How to Read and Understand Condo Financial Statements
It is up to each co-owner to be attentive to the signals sent by the financial statements. Here’s what to watch for.
At the end of the condo corporation’s fiscal year, the income statement presents the expenses and contributions of the co-owners. It makes it possible to compare the results with the budget. As for the balance sheet, it shows a snapshot of the financial situation of the corporation’s general administration fund and its contingency fund.
The balance sheet presents three types of information:
Generally, assets include cash and investments, as well as unpaid co-owner contributions. If the condo corporation also owns capital assets, such as the concierge’s apartment, these capital assets are also part of the assets. Liabilities include current liabilities, such as accounts payable to suppliers and, if applicable, long-term debts. Net assets reveal whether the union has a surplus or a deficit.
Is your condominium corporation in good financial health?
The following are the two things to consider on the condo financial statement to answer this question.
Firstly, if the balance in the general fundis negative, this means that the cash flow is not sufficient to pay for current expenses. If it is found that there is insufficient cash on hand because of uncollected dues, it may be appropriate to put collection procedures in place. It could also be due to insufficient condo fees to cover expenses.

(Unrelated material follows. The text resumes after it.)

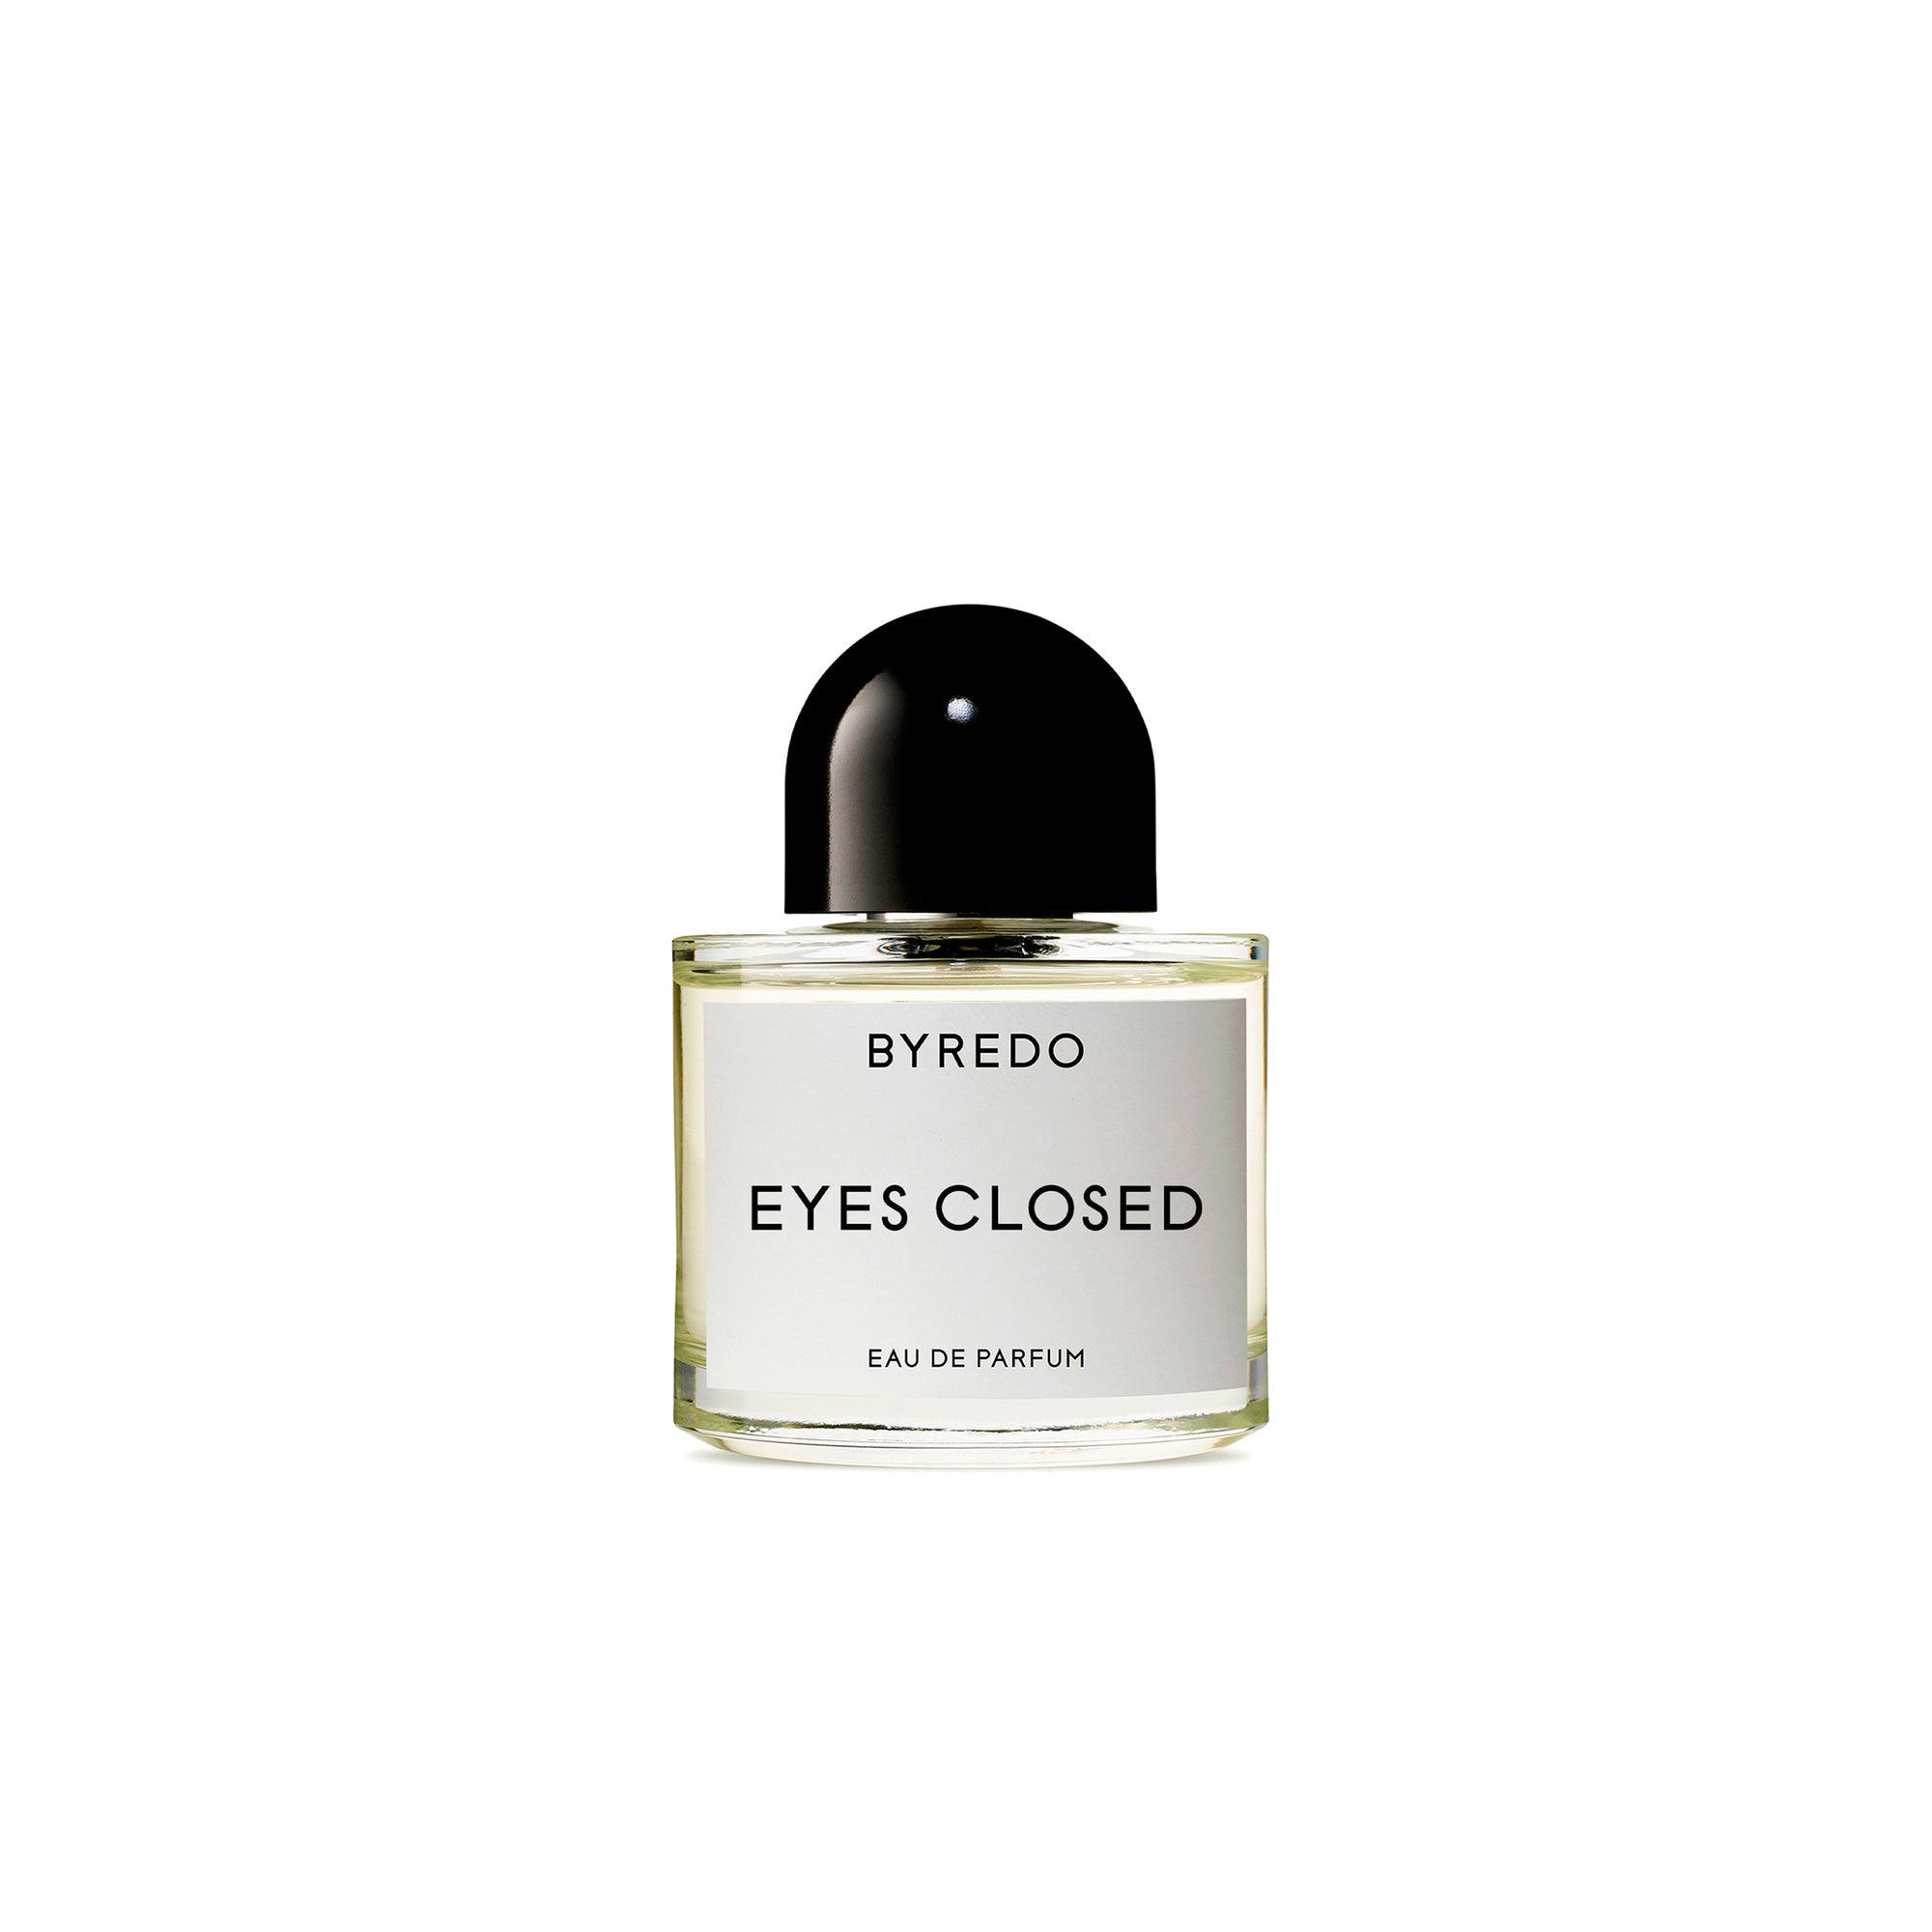 BYREDO - Eau de Parfum Eyes Closed - (50Ml) view 1

The deficit may also result from the accumulation of small annual deficits from previous fiscal years or from expenses caused by unforeseen circumstances. If contingencies do occur, care should be taken to ensure that a reserve is set aside in the budget. And that it is sufficient to deal with unforeseen circumstances. Consideration may also need to be given to increasing the contribution rate or imposing a special contribution to help finance the deficit and avoid recurring deficits. In this case, it is up to the board members to find and make a decision to remedy the situation.
In all cases, care must be taken to ensure that the contingency fund is not used to pay current expenses, a practice prohibited by the Civil Code. The contingency fund should only be used for major repairs and replacement of common parts. In addition, the sums that constitute it must be deposited in a bank account separate from that of the administration fund.
Second, the balance of the contingency fund must be analyzed. In order to ensure that the fund will be sufficient to finance the major work to be undertaken in the future. It is prudent to commission a regular independent appraisal to verify the condition of the building. In order to forecast the expenses for the repair and maintenance of the common areas. And to determine whether it is necessary to increase the share of contributions paid into it. Knowing that the minimum contributions provided for in the Civil Code are most often insufficient.
Ultimately, it is up to each corporation board of directors to be attentive to the signals sent by the financial statements.